Hotelier’s tips for how to market your hotel to Millennial leisure travellers:

1) Offer all-day breakfast, or at least until noon or 1. Several of my friends and colleagues mentioned restrictive breakfast times as one of their pet peeves. One of them commented, “Why would a resort or luxury hotel in a holiday destination offer breakfast only until 10:30am? That’s when I wake up!”

2) Offer wi-fi. Offer it for free. Offer it everywhere. Offer it at fast speeds. And do not, whatever you do, require guests to continually log in to access the wi-fi. 

3) Service, service, service. Hotelier has already written about the disparity of service found in hotels throughout the region. And nothing will motivate a guest to take to TripAdvisor for a nasty review more than inflexible, unfriendly service. Empower your staff to go the extra mile – if you’re so caught up in following the rules that your staff are not encouraged and empowered to treat guests as unique cases rather than numbers, you will lose revenue.

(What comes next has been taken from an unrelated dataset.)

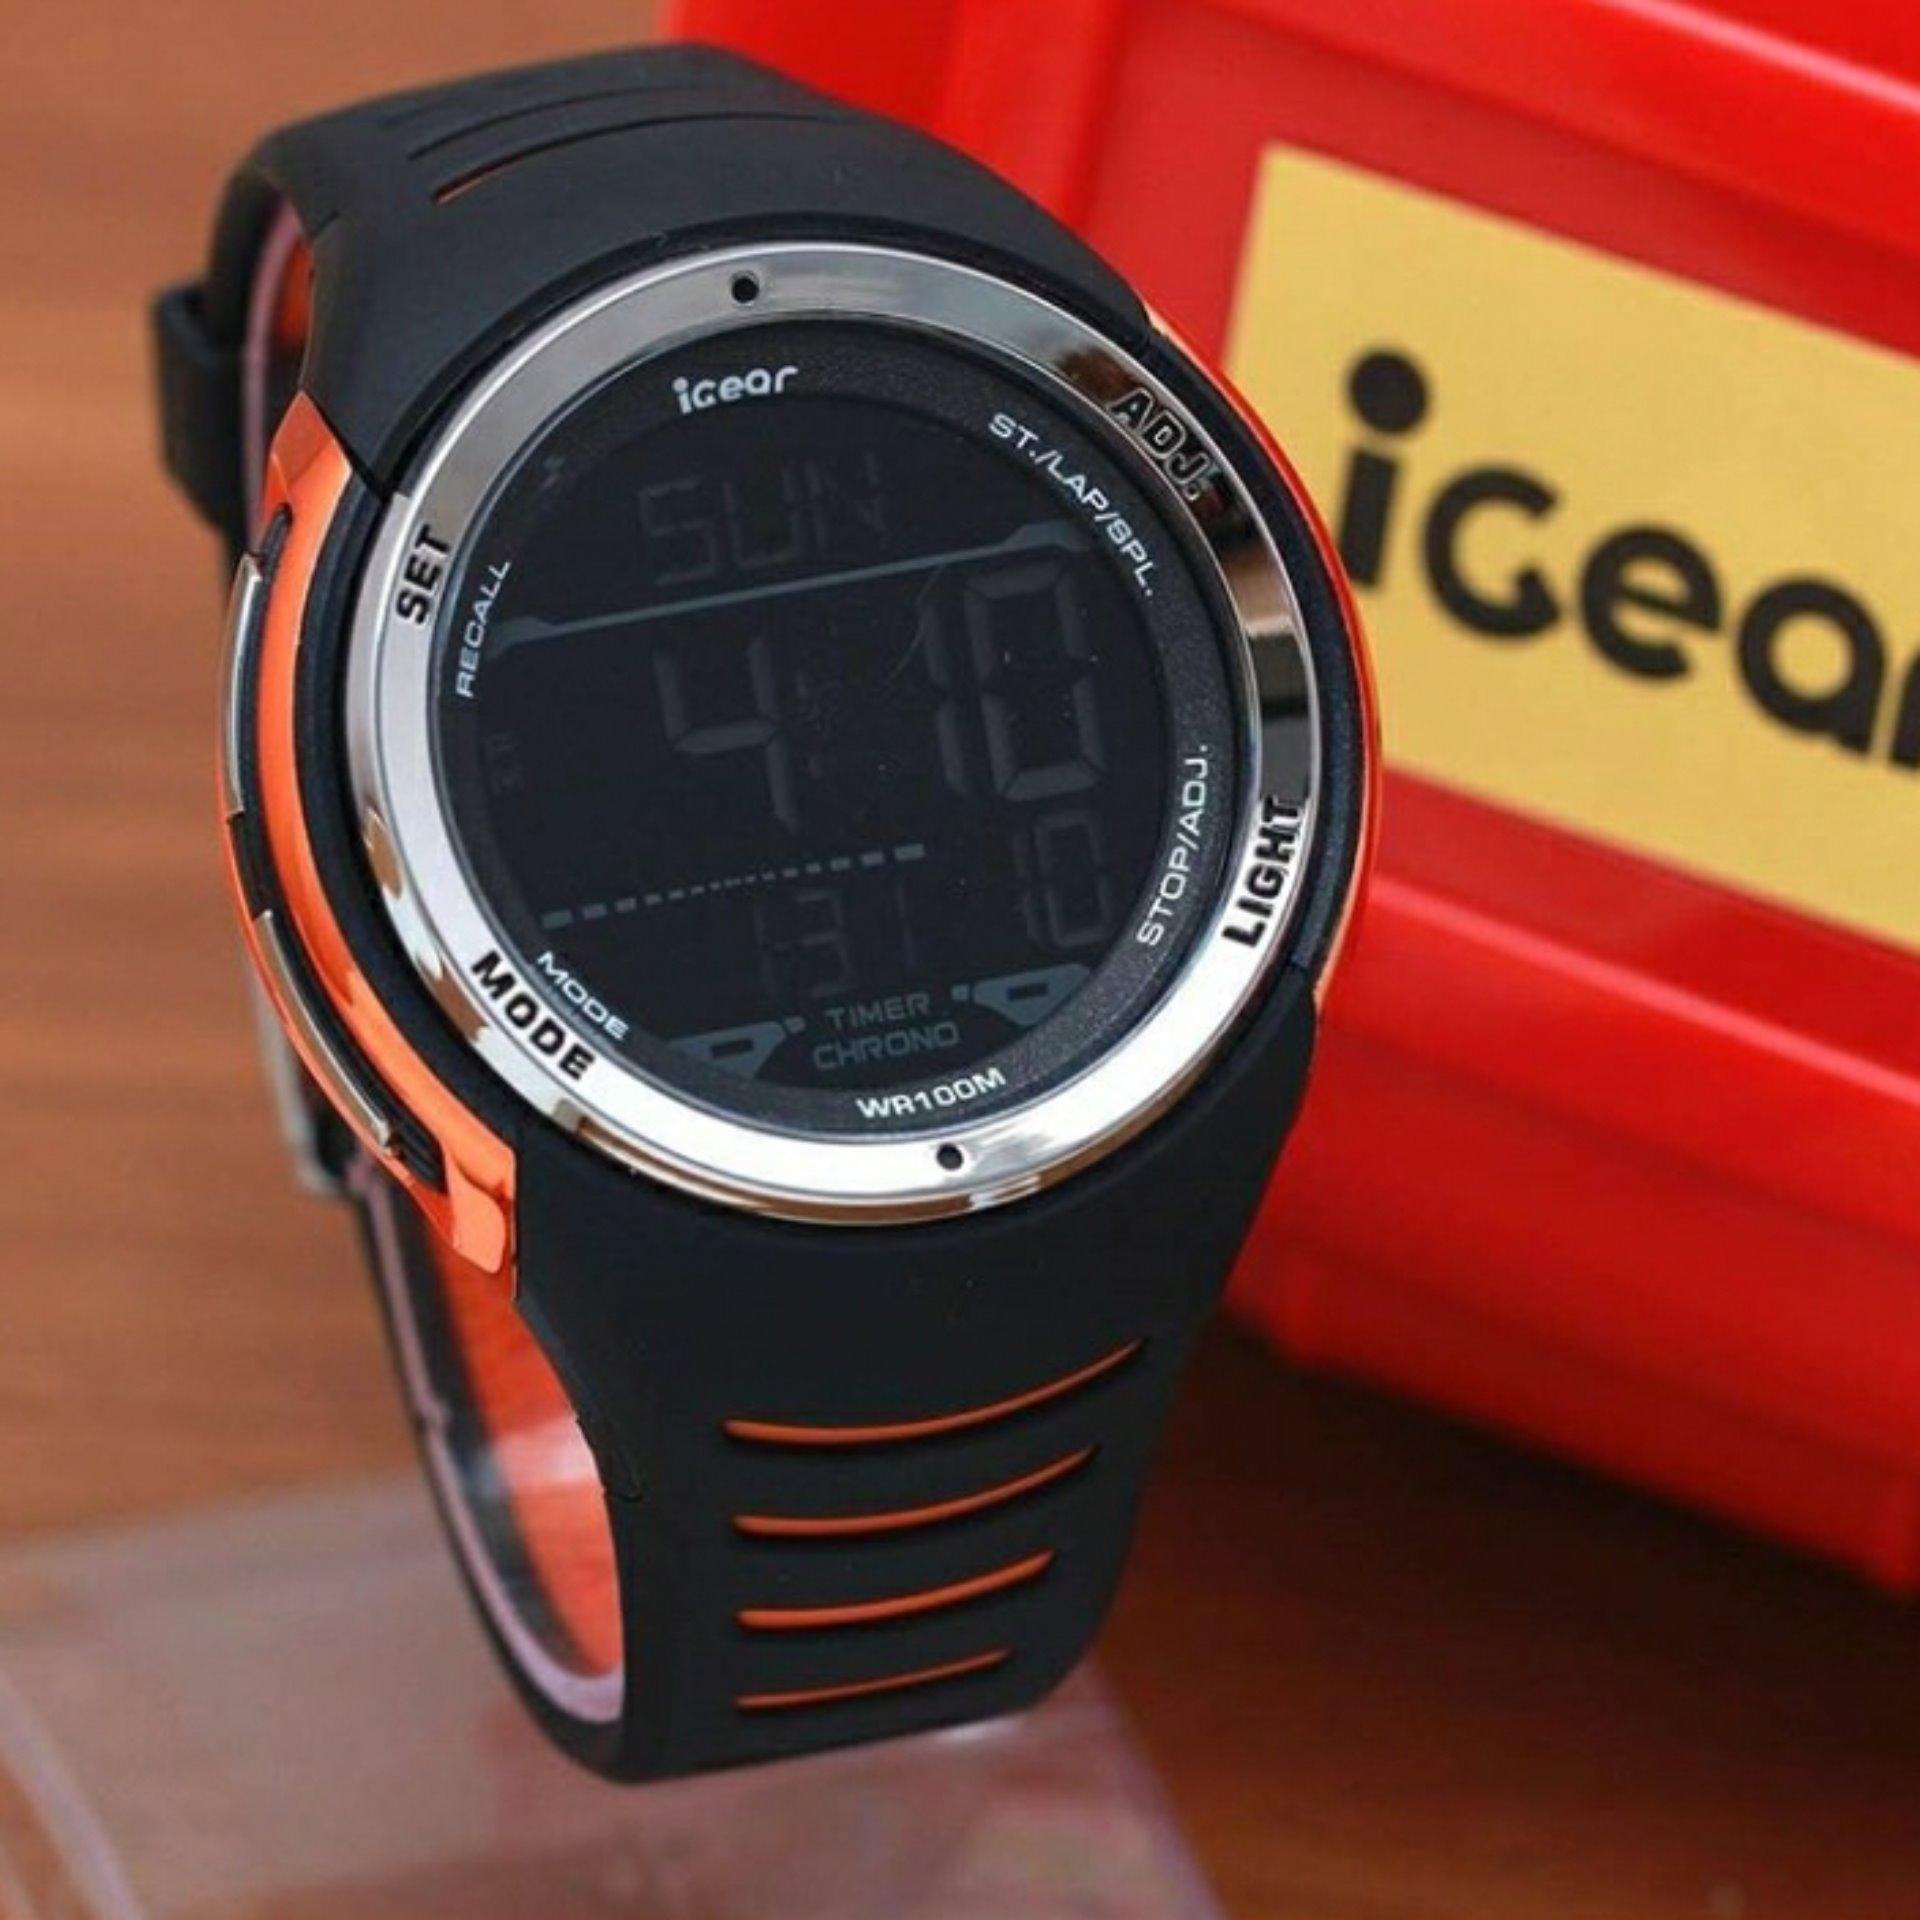 Sanwood 630440 Jam Tangan Pria Strap Karet Sports Racing Biru Adidas Adh9070 Gt Rubber Mens Watch Source Igear Original I16

4) Have detailed and specific property information on your brand.com website, including: room size; exact location map and how far the property is to public transport, landmarks, etc.; cancellation policy; link to TripAdvisor reviews; offer an option for leaving reviews on your own site and put as much effort as possible into getting guests to leave reviews on your site.

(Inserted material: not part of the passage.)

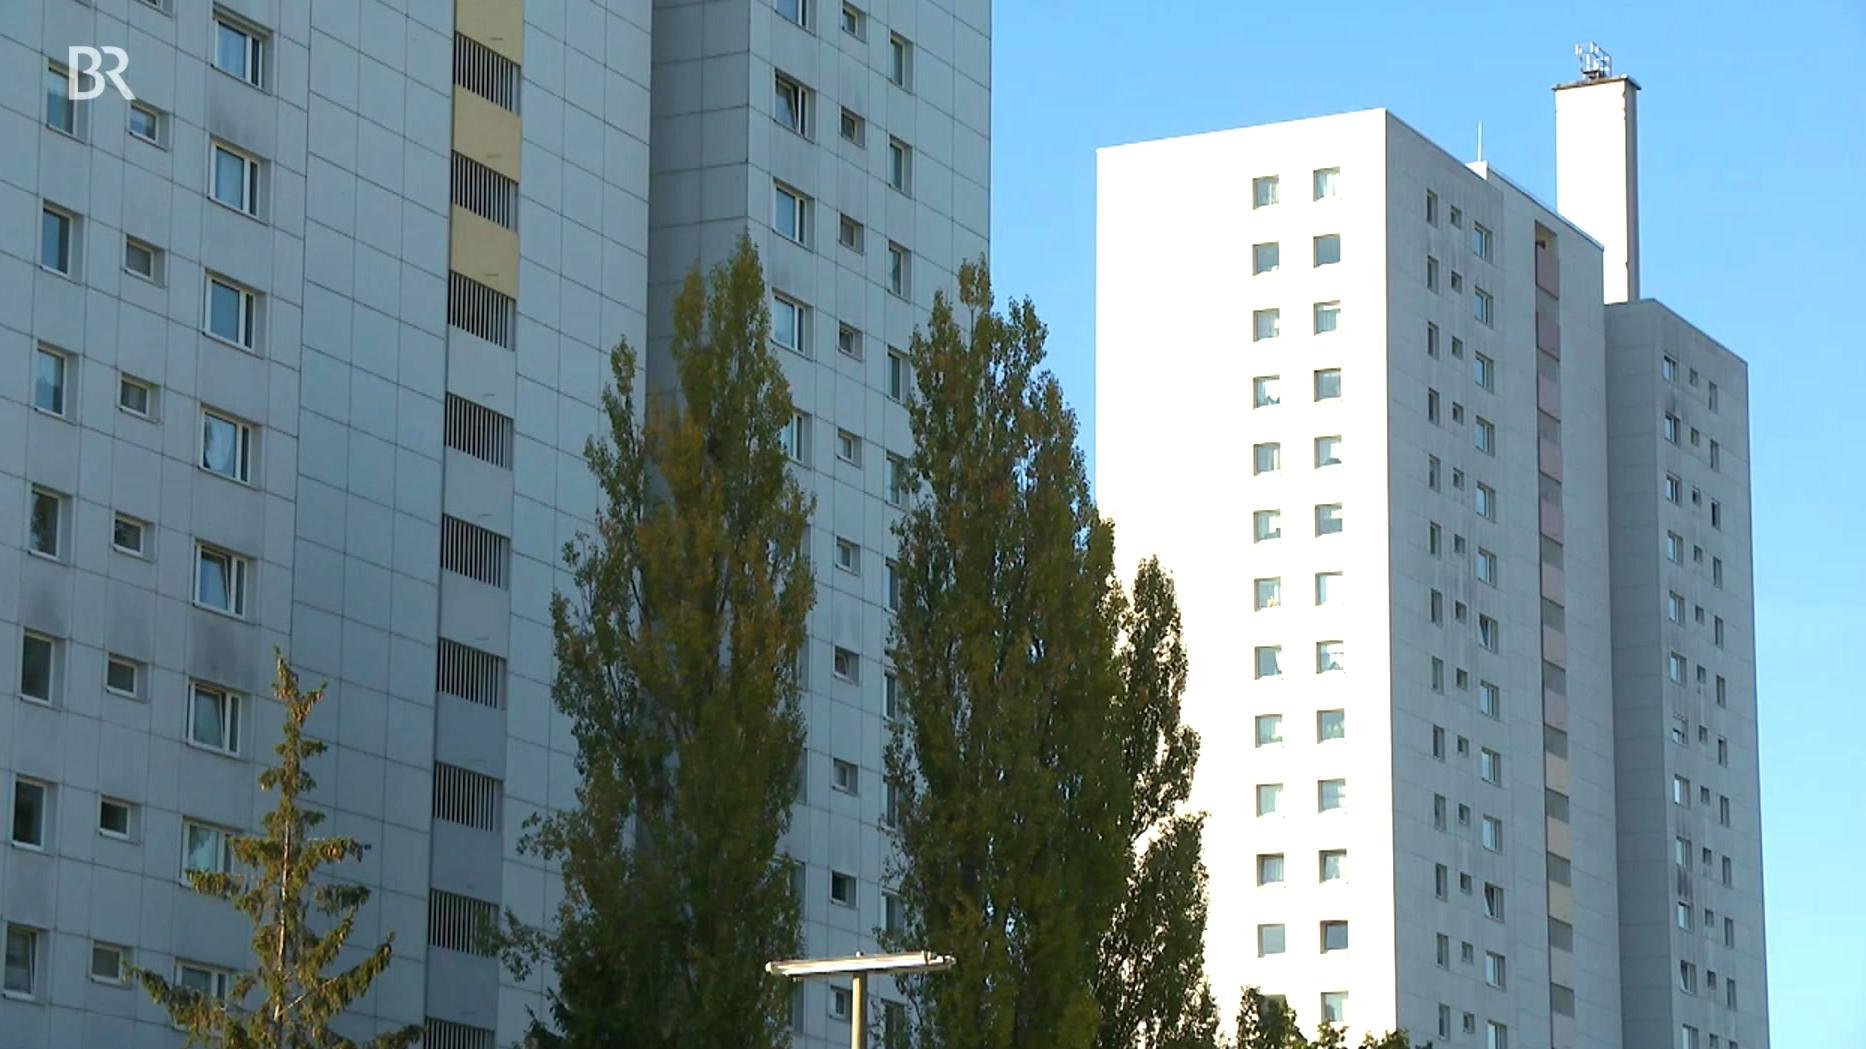 Zwei Hochhäuser in Nürnberg

5) Use Facebook, Twitter and Instagram to offer loyalty programmes, rewards and contests – though OTAs are here to stay, make loyalty and rewards programmes work for Millennial mind sets – have an online form which takes a minute to fill in, and link that to your social media, as well as to any OTA bookings (this can be done by emailing the guest as soon as the booking comes in to let them know that loyalty members get a 10% discount on all bookings, as well as ensuring that front desk staff target OTA bookings to let them know about loyalty programmes).

6) Consider an automatic enrolment into loyalty programmes that guests can opt out of.

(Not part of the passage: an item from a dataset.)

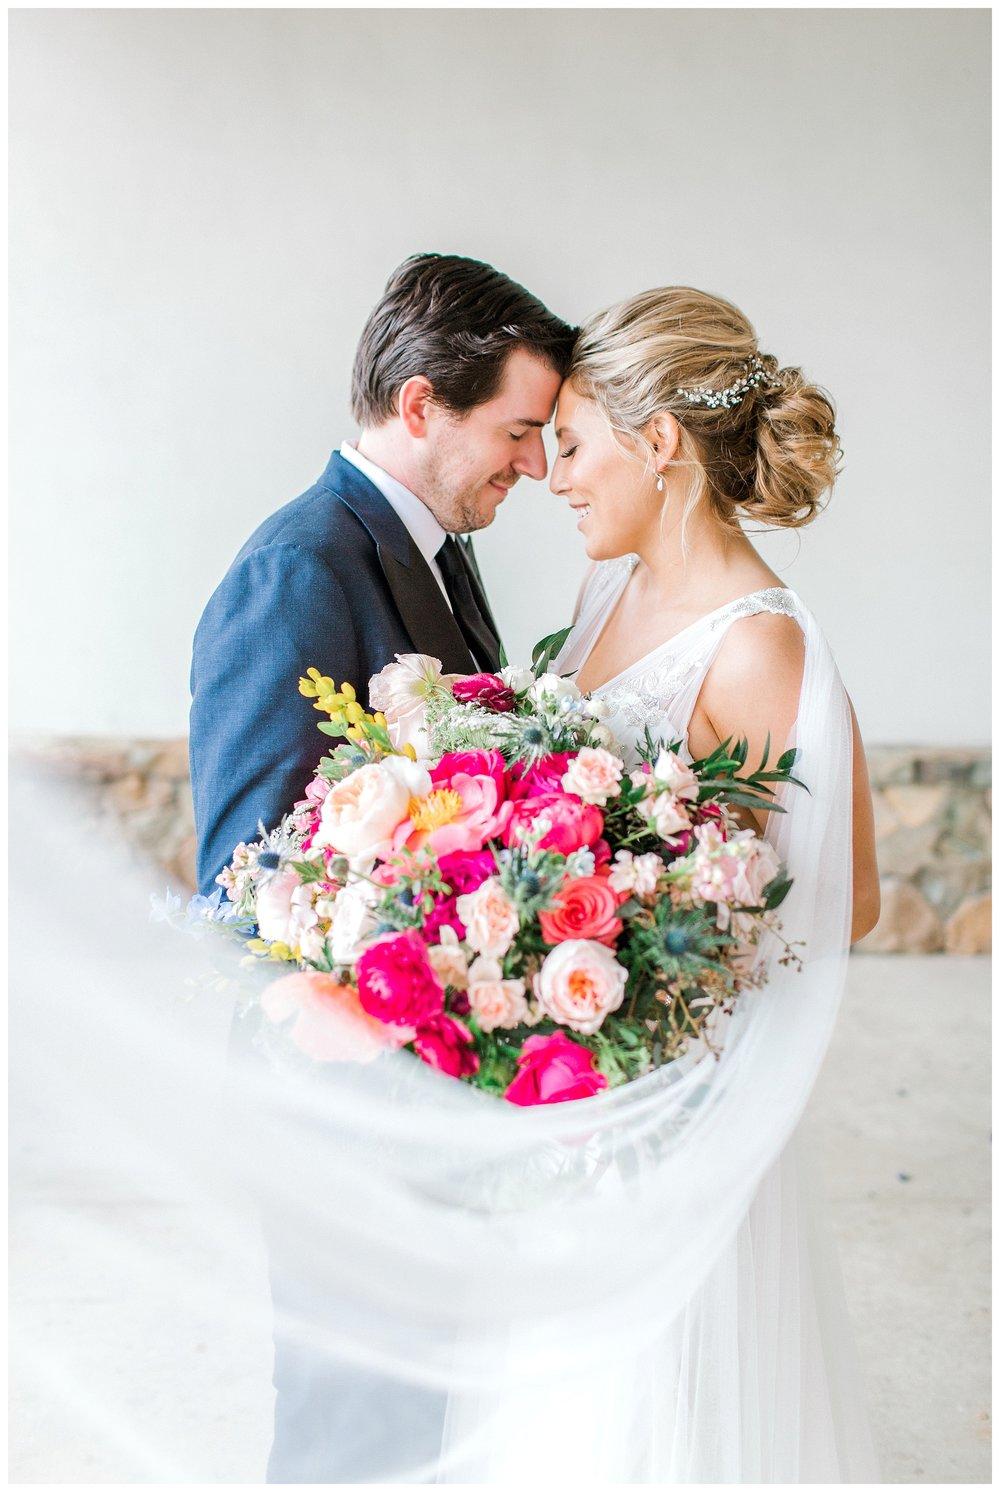 Stone Tower Winery Wedding Virginia Wedding Photographer_0048.jpg

7) Offer online check-in and check-out, especially if you’re a city hotel (Yotel’s model for this is fool-proof), but have a few front office staff on hand should guests need personalised services.

8) You’ll never beat an OTA for aggregate of information in one place, so make sure you work with them – list your property and all its offerings on as many as possible: Expedia, Hotels.com, Booking.com, Kayak, Trivago, Skyscanner, Opodo, etc. Make sure that the same details and deals can be found throughout the site – and yes, luxury properties, I’m talking to you; no one thinks less of a five star property or lush resort being on an OTA site. OTAs are the biggest marketing tool you can use, so take advantage of it.

9) It’s a no brainer but many hotels don’t have a standardised approach to it – aggregate your reviews by percentage of complaints about certain subjects and conduct targeted training to ensure issues are ironed out.

10) If there are any issues with your hotel – construction, loud local holidays, political unrest – put it on your site – if you give guests the information, you can control how it’s conveyed and put their minds at rest that your property is still safe and comfortable. One of the worst things you can do is neglect to mention it – guests will head straight for Negative Review Land if they arrive at your door and discover construction next door. This is especially relevant to GCC hotels, where so much construction occurs.

11) Offer the lowest price. You would think this goes without saying, but I’m constantly surprised at how many hotels are outpriced by OTAs. And don’t make guests find a lower price and THEN offer to match it – most guests aren’t willing to spend that time – they’ll go straight to sources they know have the cheapest prices.

After all, if guests can’t get the best deal from you, they’ll hardly view you and your online marketing channels as the best source of information.